• [BRIEF]: Which lines run from the one containing "Sectional model of" through the end of the data? Write them out exactly, with the pictures left out.

• [RECORDED INFORMATION]:
◆ ◆ ◆ ◆ ◆ ◆ ◆

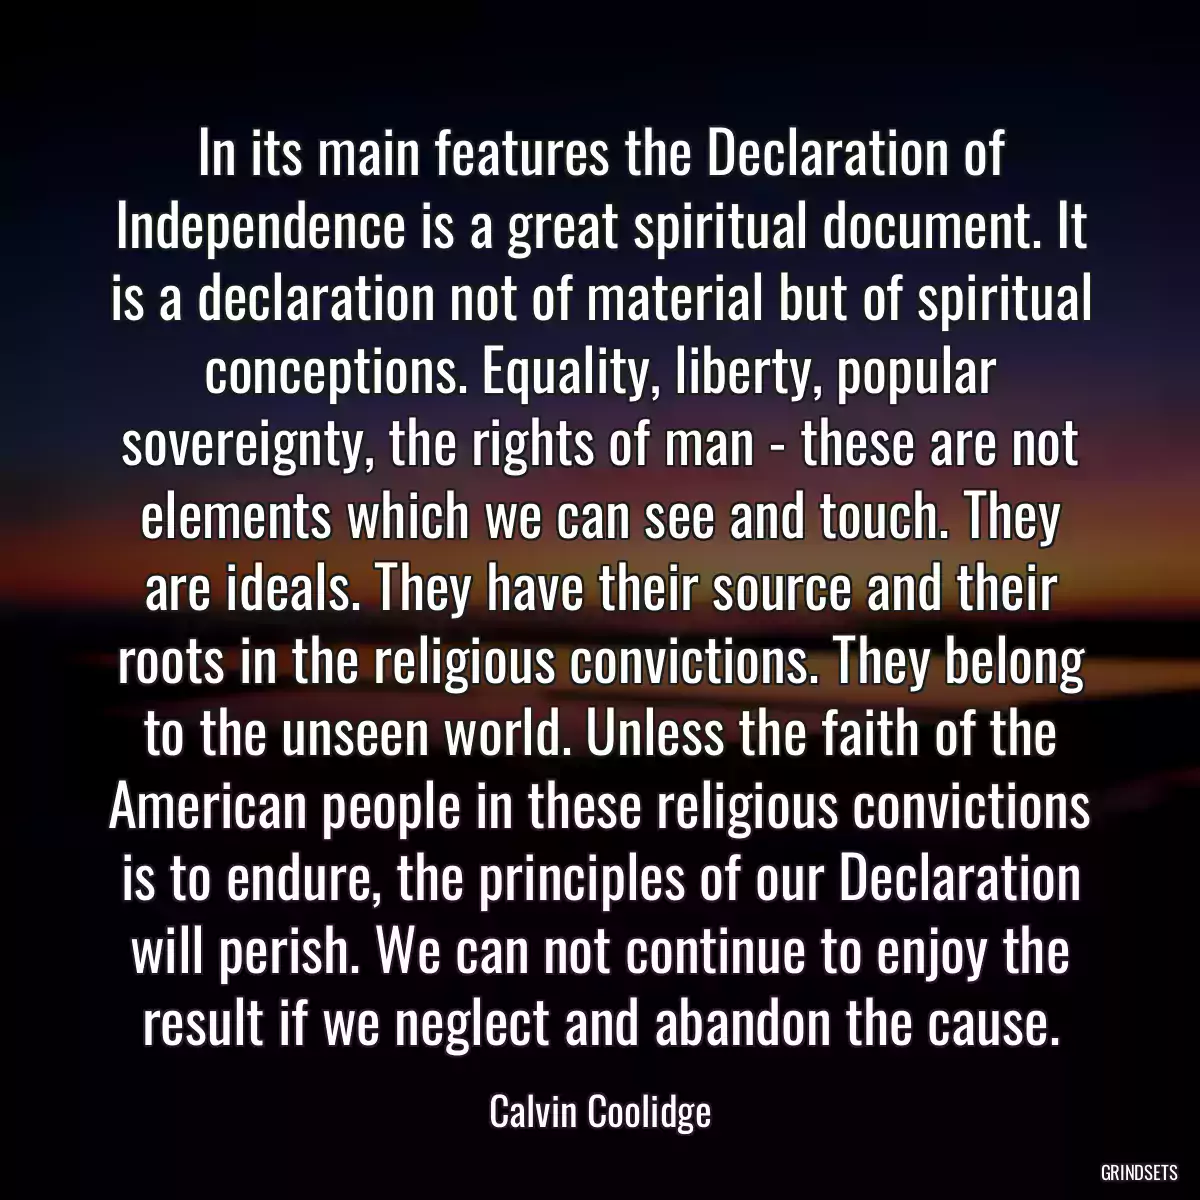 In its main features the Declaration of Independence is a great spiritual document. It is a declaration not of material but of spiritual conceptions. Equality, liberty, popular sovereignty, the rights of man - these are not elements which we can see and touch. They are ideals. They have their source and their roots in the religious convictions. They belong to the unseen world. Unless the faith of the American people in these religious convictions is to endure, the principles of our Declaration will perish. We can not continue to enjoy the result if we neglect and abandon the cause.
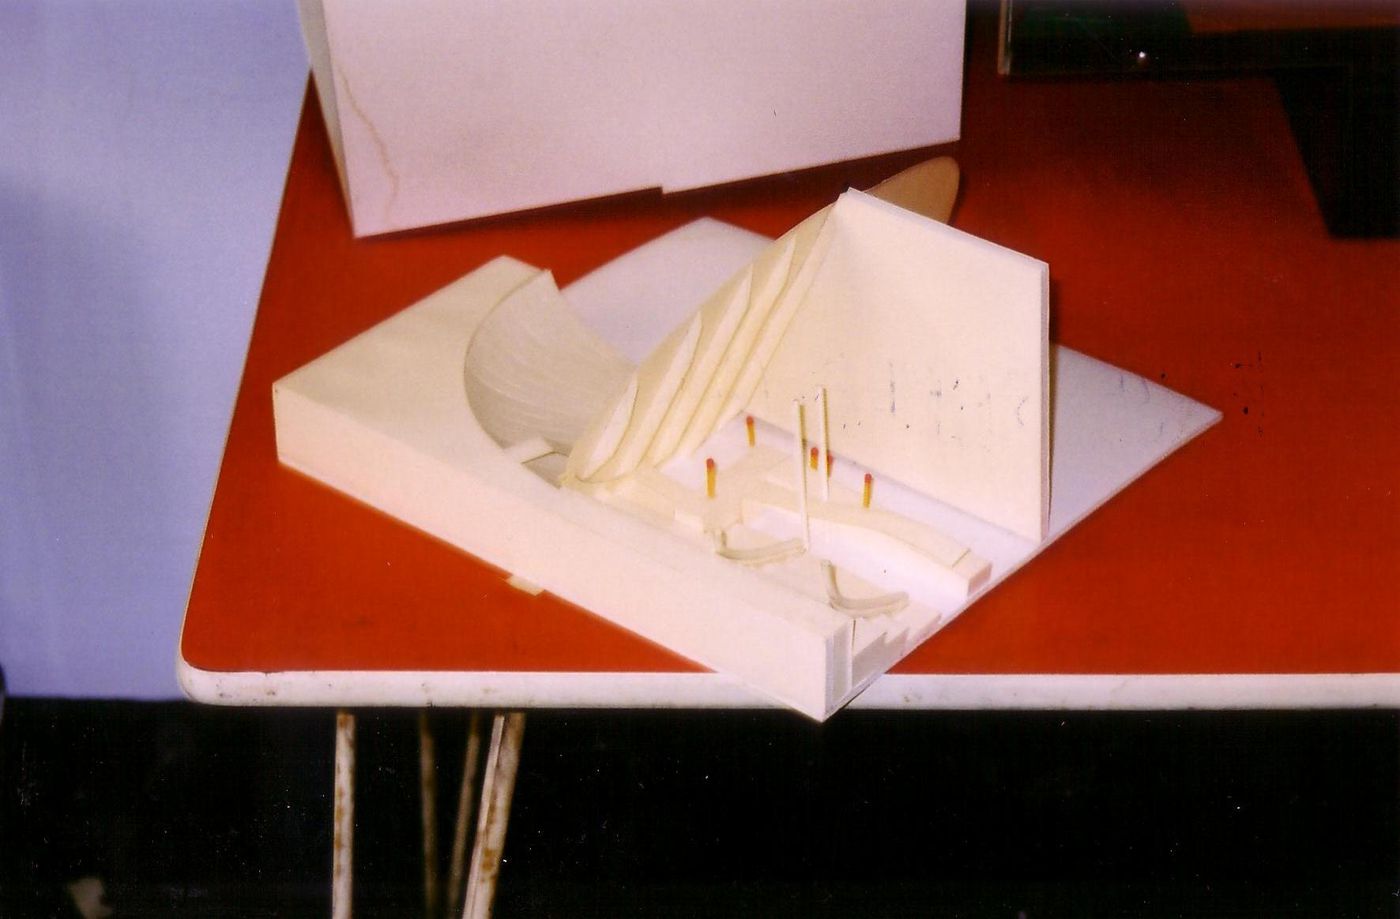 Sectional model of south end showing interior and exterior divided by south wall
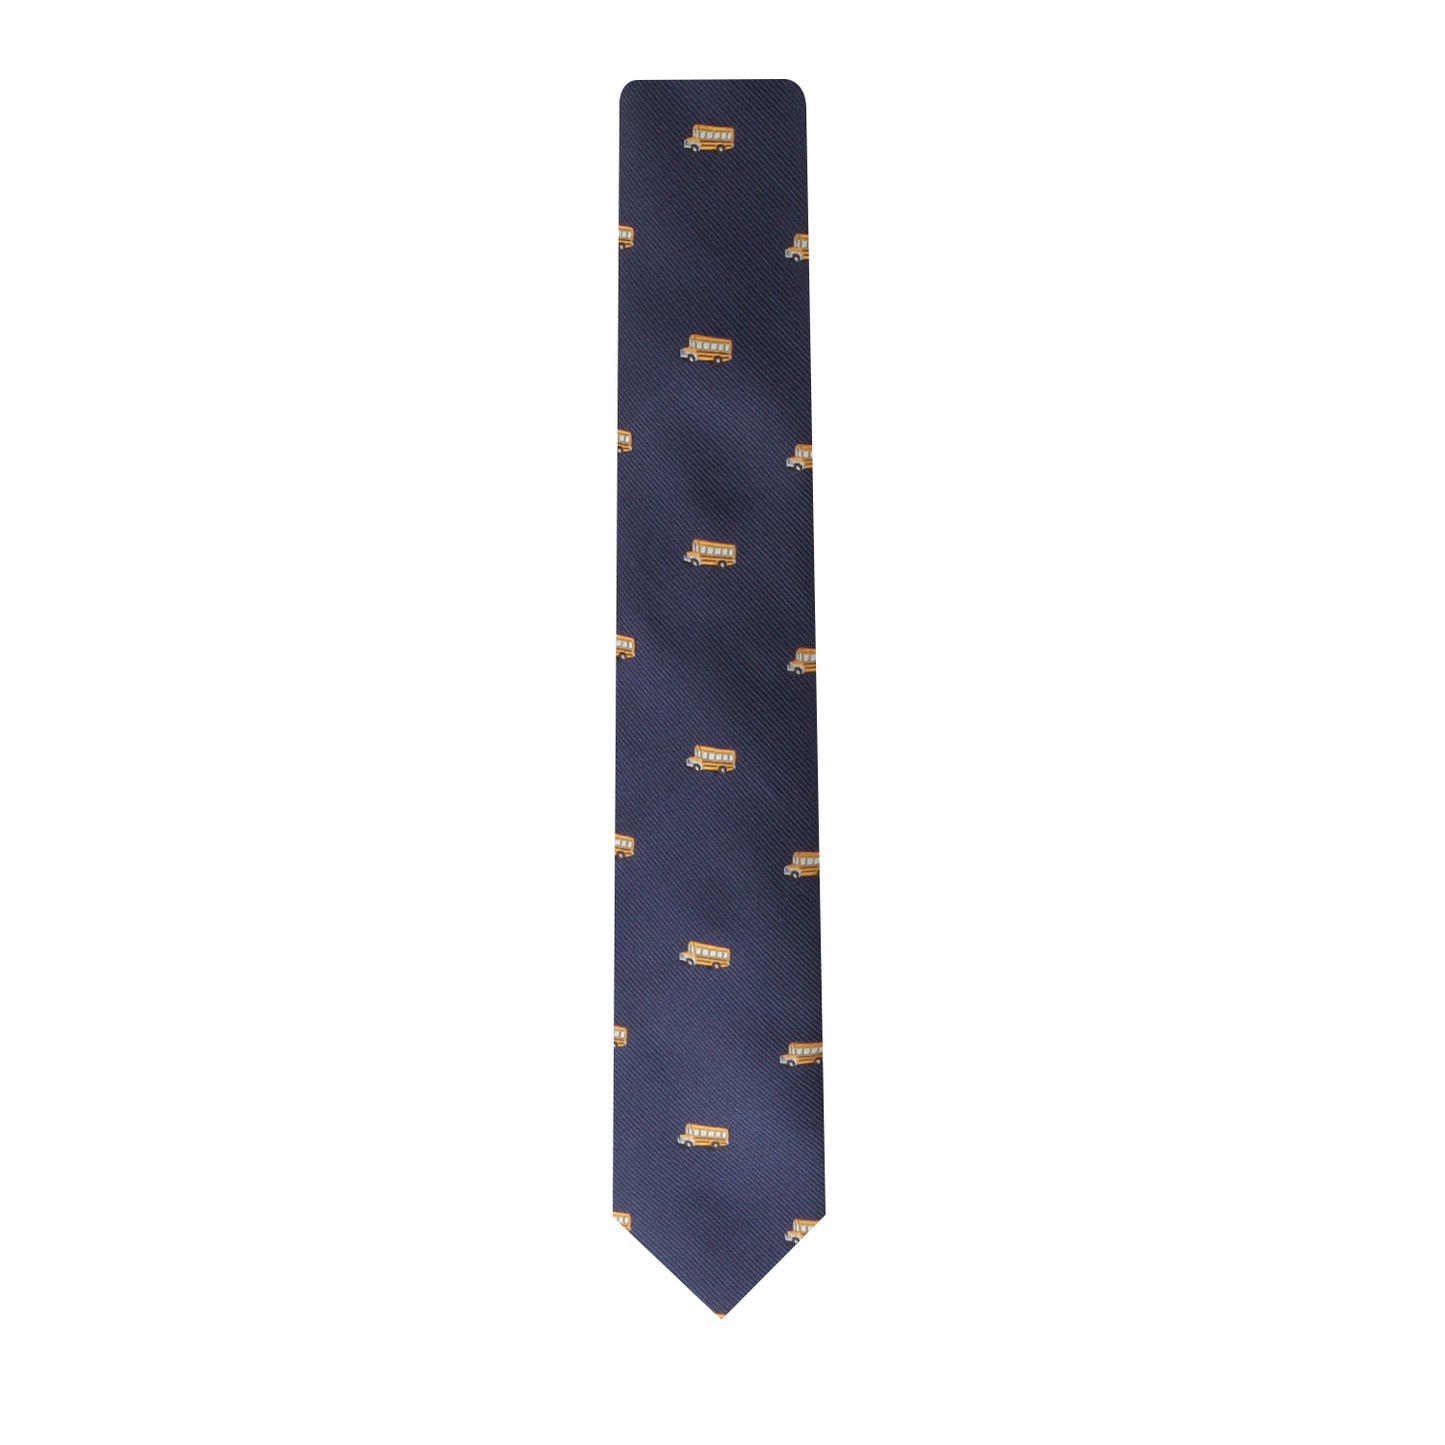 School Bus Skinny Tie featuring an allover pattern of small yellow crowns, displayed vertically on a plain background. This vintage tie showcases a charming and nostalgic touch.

◆ ◆ ◆ ◆ ◆ ◆ ◆

• [RESULT OF THE TASK]:
 Sectional model of south end showing interior and exterior divided by south wall
 School Bus Skinny Tie featuring an allover pattern of small yellow crowns, displayed vertically on a plain background. This vintage tie showcases a charming and nostalgic touch.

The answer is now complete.